Serological tests such as enzyme-linked immunosorbent assay or indirect hemagglutination may yield positive results in 85% of patients. On CT scan, hydatid cysts typically appear as well-circumscribed, spherical or ovoid, hypodense, non-enhancing cystic lesions without pericystic edema. On MRI, they exhibit hypointensity on T1-weighted images and hyperintensity with a hypointense halo on T2-weighted images [1]. Occasionally, fine peripheral enhancement and perilesional edema indicative of active inflammation may be observed. While imaging can be useful for diagnosis and postoperative monitoring, it is not highly sensitive. The definitive diagnosis is histological, revealing the germinal membrane of the cyst [1].

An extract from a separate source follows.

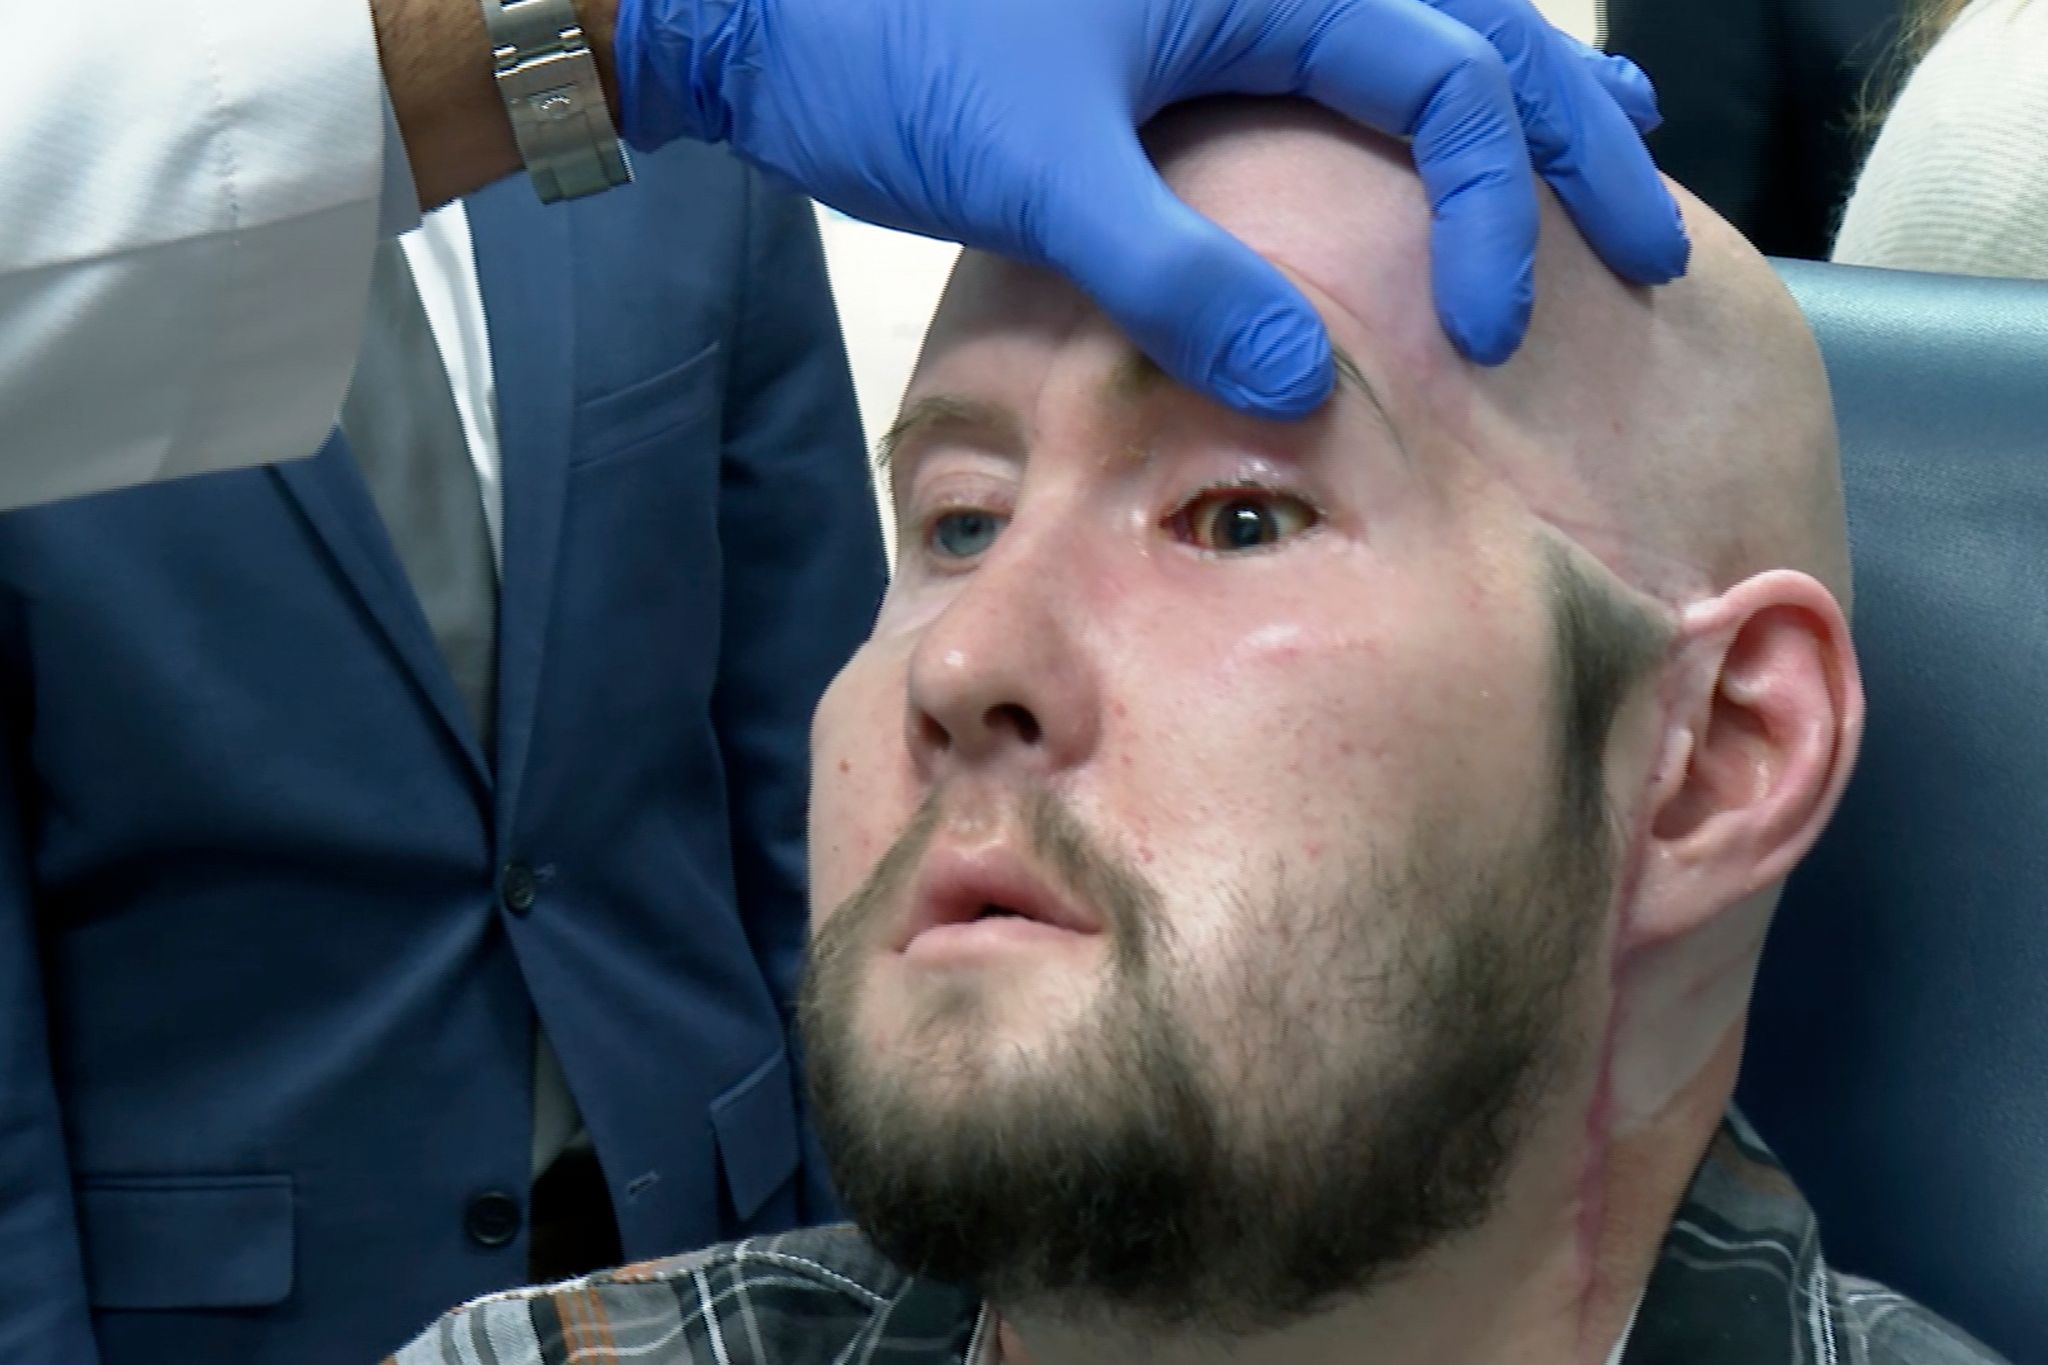 Einem US-amerikanischen Chirurgenteam ist eigenen Angaben zufolge die erste vollständige Augentransplantation weltweit gelungen.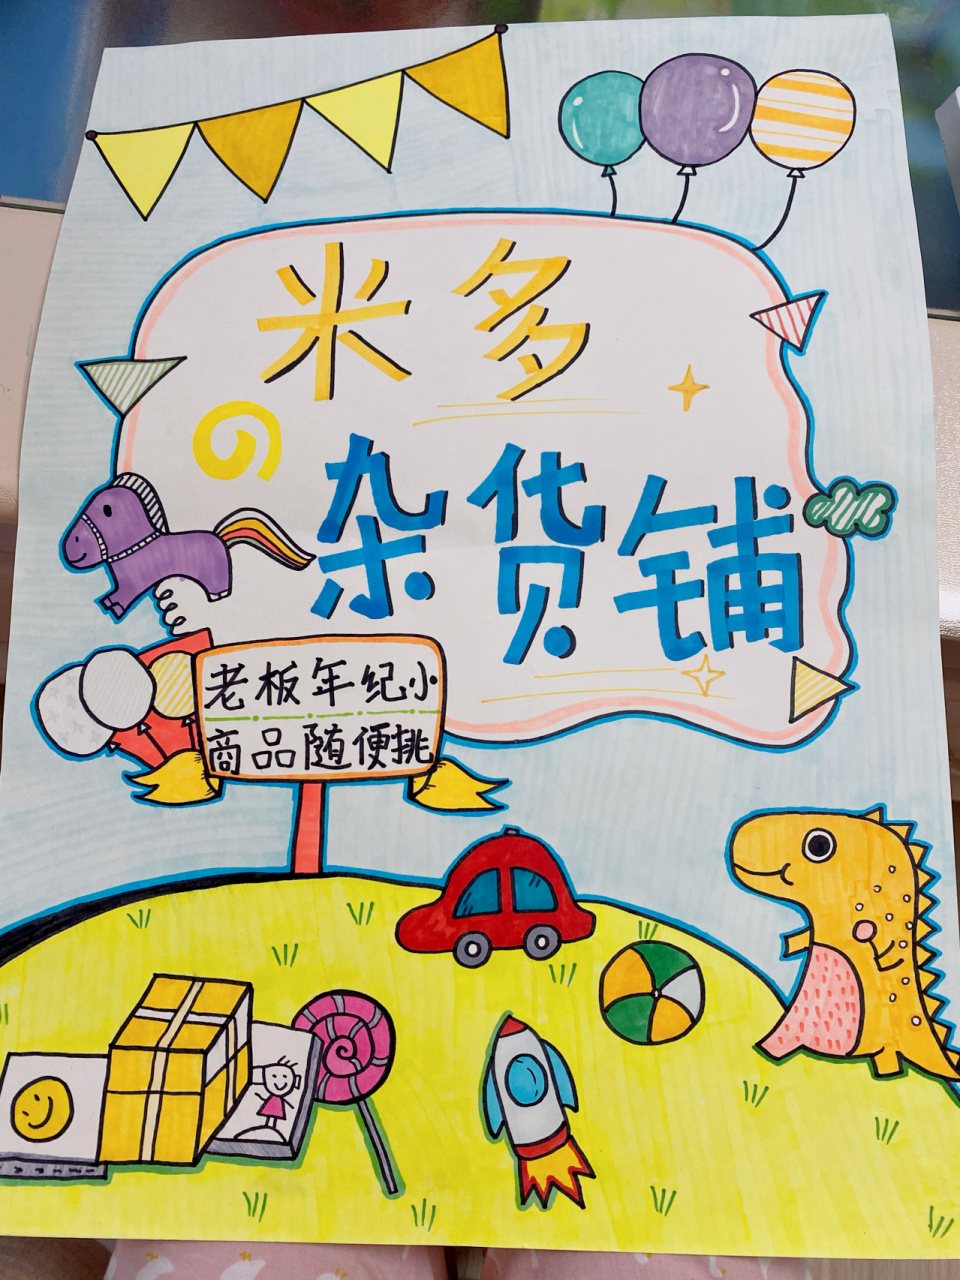 跳蚤市场海报马克笔手绘 幼儿园老师帮画哒～ 自己上了个色 还是很

The treatment of cerebral hydatid cysts involves a combination of medical and surgical approaches. Surgical treatment is recommended whenever possible. The Dowling-Orlando technique, involving a large craniotomy and careful separation of the cyst from the brain tissue through irrigation with hypertonic saline solution, is a preferred method for cyst removal. This technique allows for complete removal of the cyst without rupture and minimal damage to the cerebral parenchyma. Aspiration puncture, although less frequently employed, may be considered for cysts at high risk of rupture, such as those located in the fourth ventricle, brainstem, or thalamus [7]. Antiparasitic treatment, typically with Albendazole, is administered at a dose of 10 mg/kg/day for 3 months [1]. Its use is contraindicated during the first trimester of pregnancy. The prognosis is generally favorable if the diagnosis is made promptly, leading to early treatment and the prevention of neurological sequelae. In addition to surgical intervention and drug therapy, preventive measures play a crucial role, necessitating the formulation of targeted public health policies to minimize the occurrence and impact of hydatid cysts [7].


In conclusion, we presented a rare case of a giant hydatid cyst in a 2-year-old girl. Cerebral hydatid cysts caused by Echinococcus granulosus are infrequent and predominantly affect children. Prompt diagnosis and appropriate treatment, including surgical intervention and medical therapy, are crucial for achieving a favorable prognosis and preventing neurological complications.